I’m using the settings (including firewall, router, server) for years, without any change.

For testing I commented out “ratelimit” and restarted crony. So far it seems to change nothing.

Thanks for testing that option. Have you disabled the connection tracking? It is with iptables firewall rules (in /etc/sysconfig/iptables and /etc/sysconfig/ip6tables):

-A PREROUTING -p udp --dport 123 -j CT --notrack
-A OUTPUT -p udp --sport 123 -j CT --notrack

The router may have trouble, too.

I think I was wrong with the assumption that the ussjc2-1a6a7hp monitor has bad results too. It shows nicely variable offsets for each measurement.

1 Like

Yes, just double checked. ipconntrack is switched of (4 times PREROUTING and OUTPUT, for both IPv4 and IPv6).

Maybe it helps to see 3 packet exchanges. From the time between each conversation you can see, we still get and answer about 600 packets/second):

tcpdump -n -i eno1 port 123

16:02:19.723641 IP 62.2.105.242.61296 > 192.168.10.10.ntp: NTPv4, Client, length 48
16:02:19.723718 IP 192.168.10.10.ntp > 62.2.105.242.61296: NTPv4, Server, length 48
16:02:19.723922 IP 14.119.194.69.radclientport > 192.168.10.10.ntp: NTPv4, Client, length 48
16:02:19.723960 IP 192.168.10.10.ntp > 14.119.194.69.radclientport: NTPv4, Server, length 48
16:02:19.723991 IP6 2a01:2a8:a13c:1:6801:e6ff:feec:2722.59125 > 2a02:1368:6400:cd10::10.ntp: NTPv4, Client, length 48
16:02:19.724029 IP6 2a02:1368:6400:cd10::10.ntp > 2a01:2a8:a13c:1:6801:e6ff:feec:2722.59125: NTPv4, Server, length 48

Is the packet loss on the inbound or outbound path? Could you do a packet capture for the IP 156.106.202.71, please? There should be one packet every 8 seconds.
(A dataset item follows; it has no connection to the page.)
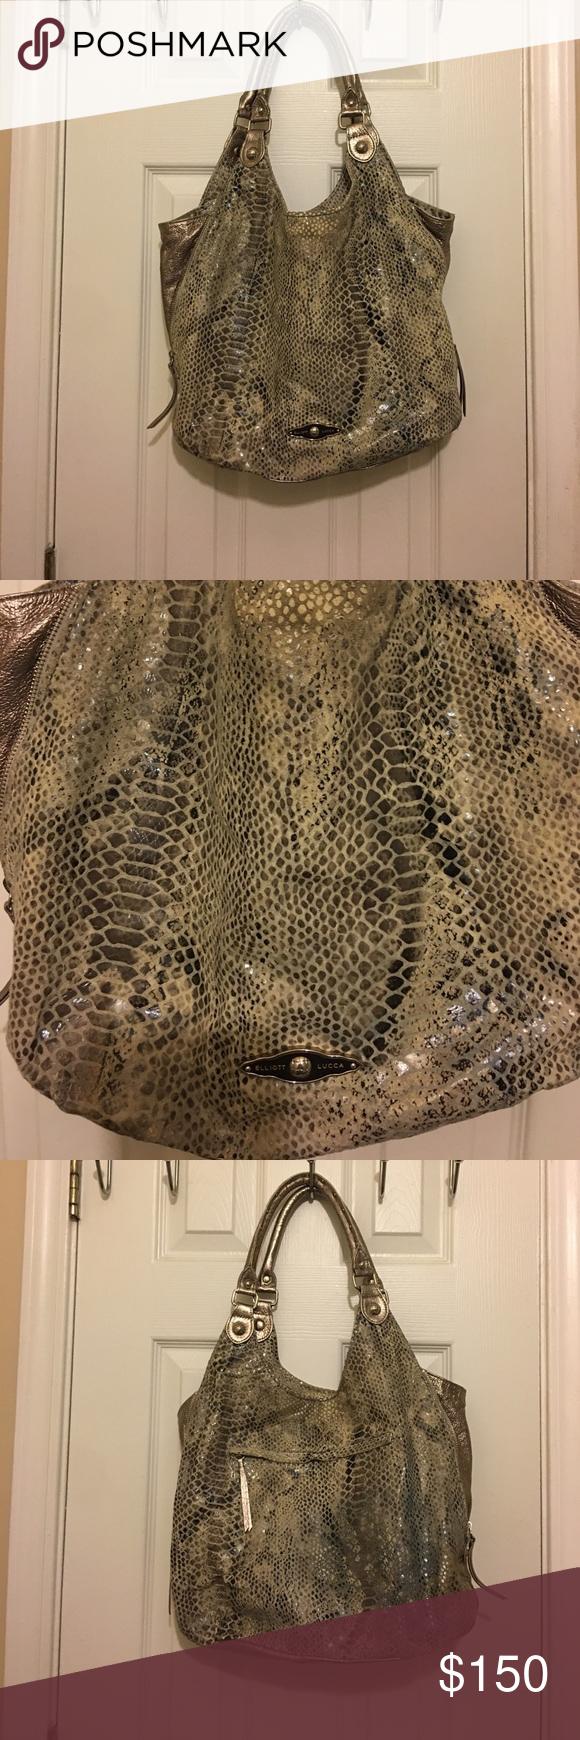 Large Elliott Luca handbag Gorgeous, Large Elliott Luca snakeskin leather handbag. Elliott Lucca Bags Hobos

What kind of router are you using?

NTPman you are great. With pointing to this source address I was able to figure out the problem.
I use pfsense as firewall/router an set the “Maximum state entries per host” for UDP port 123 to 4.
This was intended to reduce traffic from bogus hosts. and blocked many of the requests.
I removed this restriction on my router, an now it works. So the problem for me is solved.
Maybe it shroud be mentioned, that the new monitoring system sends queries more often.
Thank you very much for your help.

3 Likes

I have NTP monitors that are not part of the NTP pool monitoring system located in the US (Illinois, Colorado, New York) and London. All of them showed 99%+ response rate from the given IPv4 and IPv6 addresses for several days. A second monitor also located in Illinois showed only ~75% goodput.
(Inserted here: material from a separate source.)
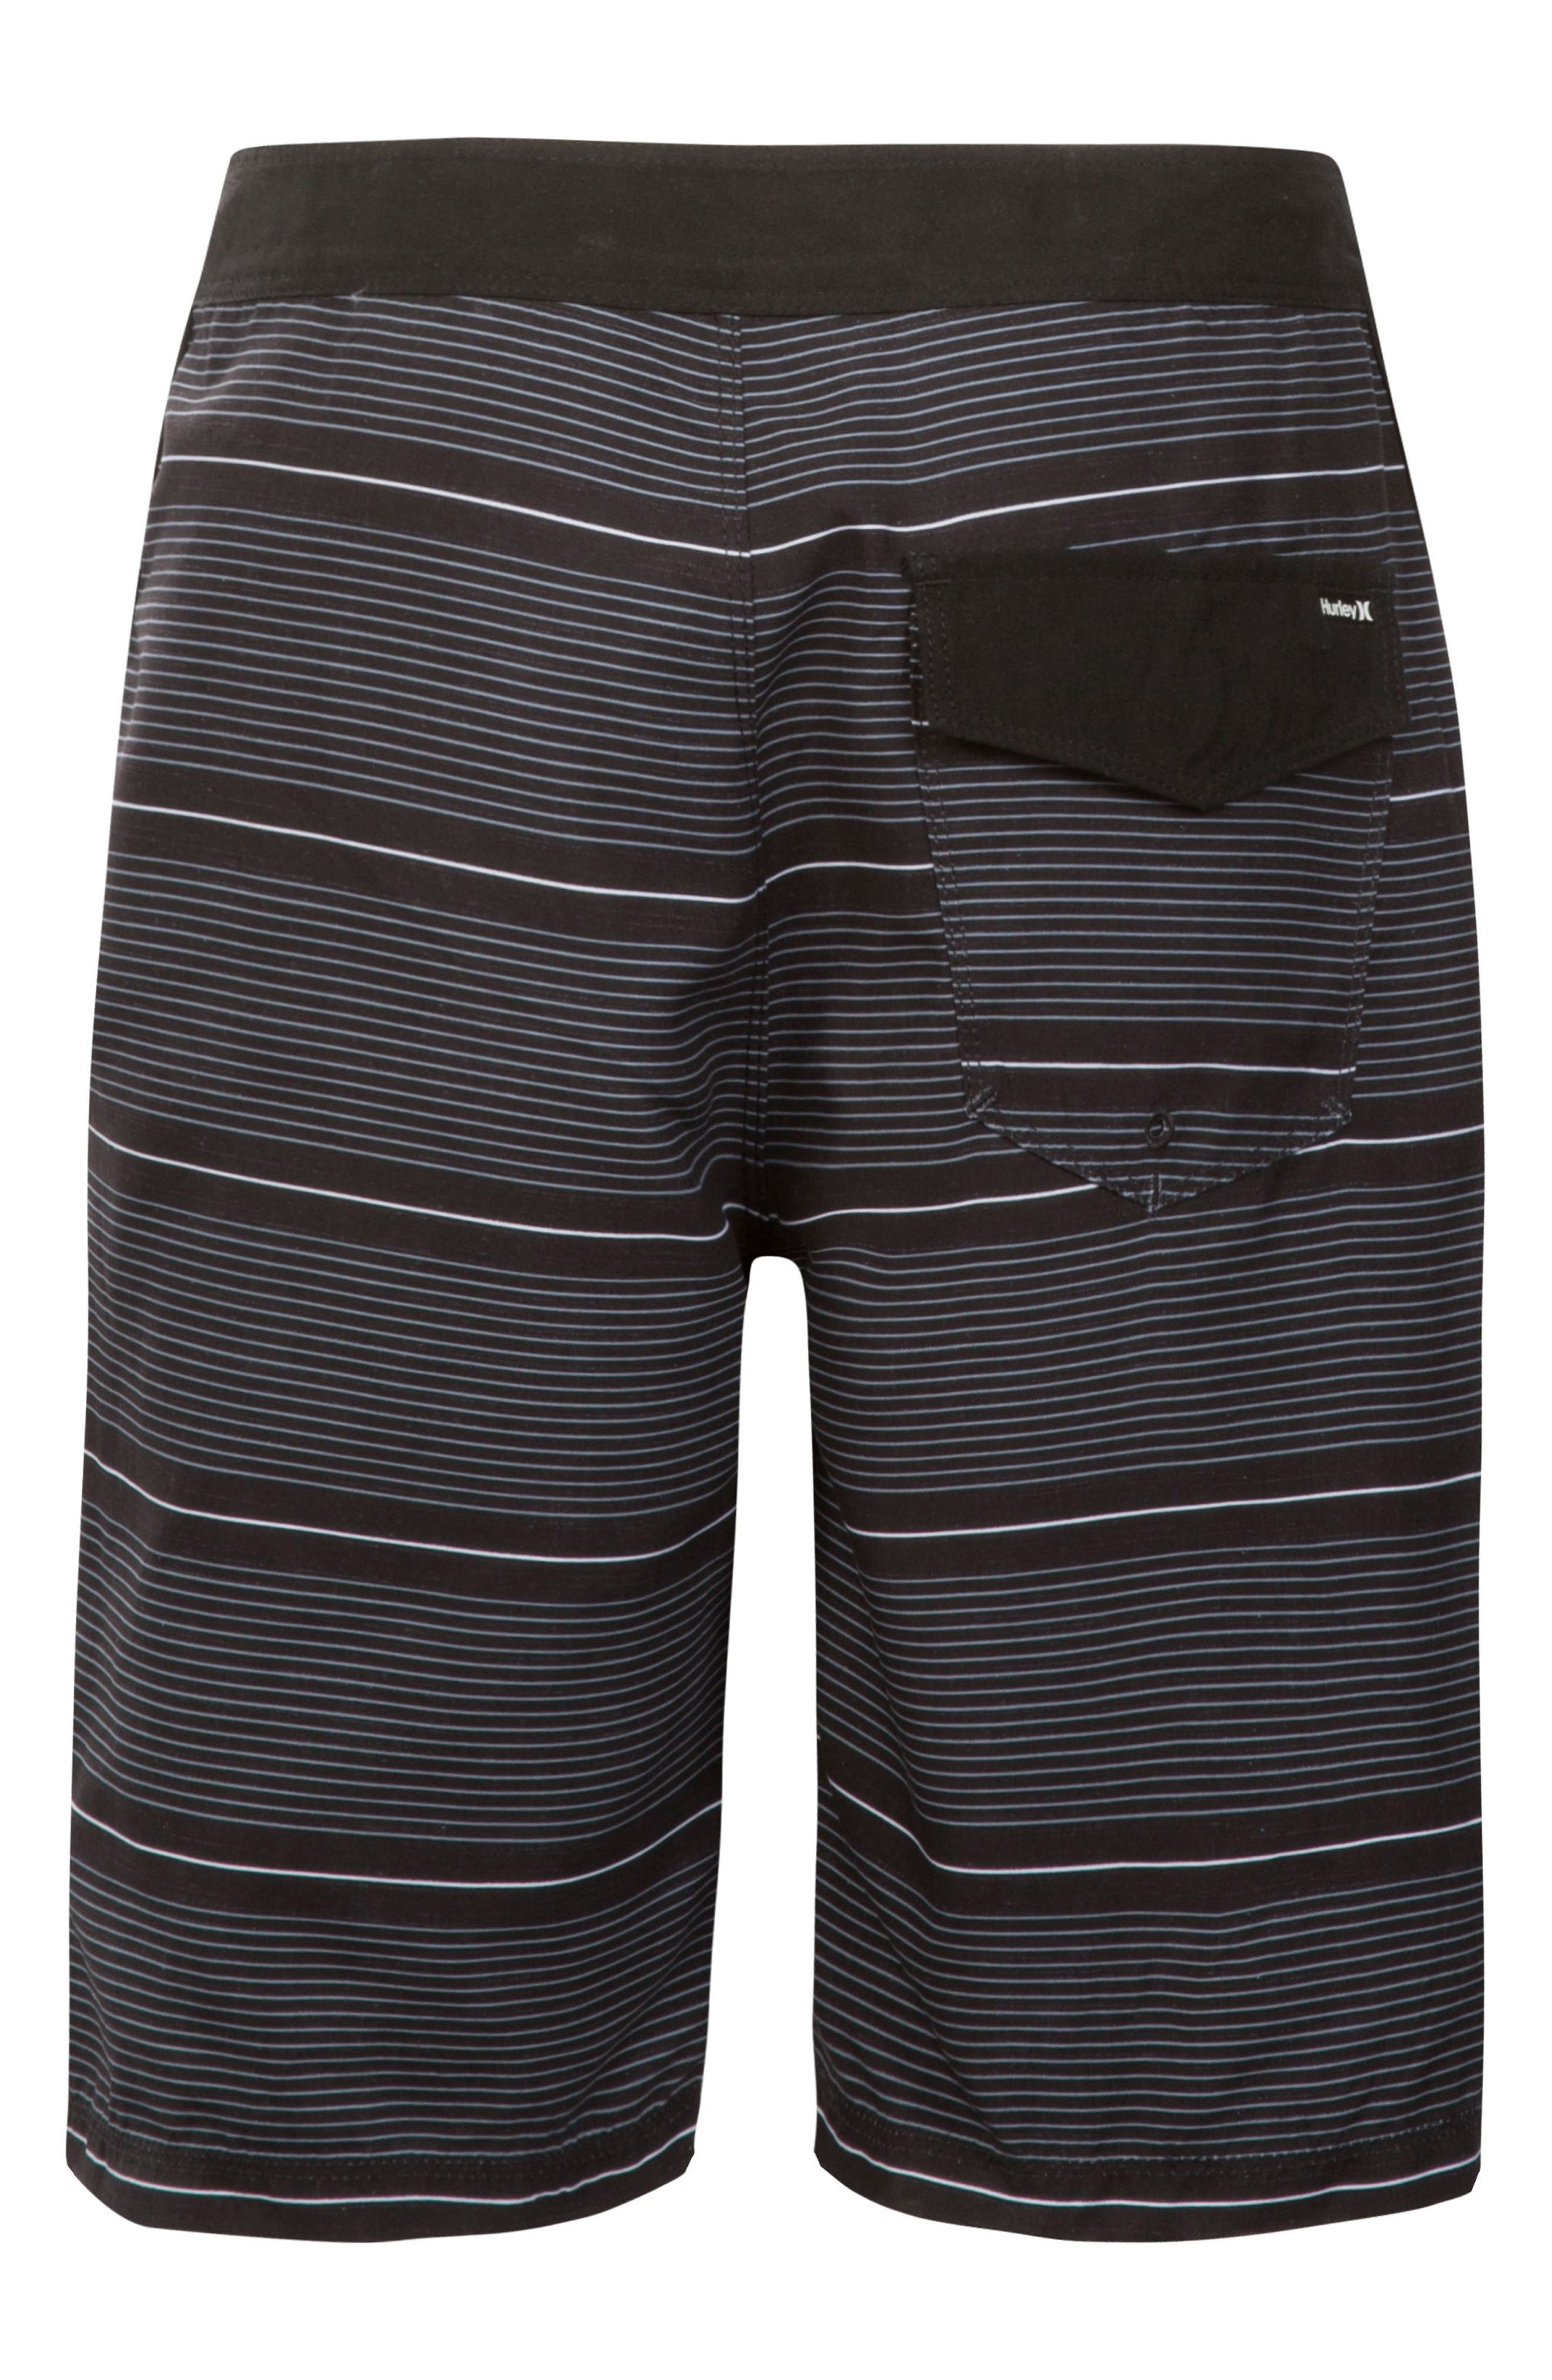 Shoreline Board Shorts,                             Alternate thumbnail 2, color,                             BLACK

Could be a path-dependent loss.

Nah, seems like it was the pfSense.

Path is ok from FRA (Pool Monitor)(Germany) towards CH(Austria)
Sadly only over transit.

  1. redacted (redacted)  0%   0.3 ms   [REDACTED] REDACTED, DE
  2. ???   100% *   (No reply)
  3. 100ge0-77.core2.zrh2.he.net (184.105.65.29)   20% 8.8 ms   [AS6939] HURRICANE, US
  4. arcade-solutions-ag.10gigabitethernet10-1.core1.zrh2.he.net (216.66.93.130)   0%   7.1 ms   [AS6939] HURRICANE, US
  5. 10.119.154.5    0%  7.8 ms    BOGON  rfc1918 (Private Space)
  6. smtp.irtech.ch (46.22.24.205)  0%  8.2 ms  [AS51873] AS-ARCADE, CH

This topic was automatically closed 30 days after the last reply. New replies are no longer allowed.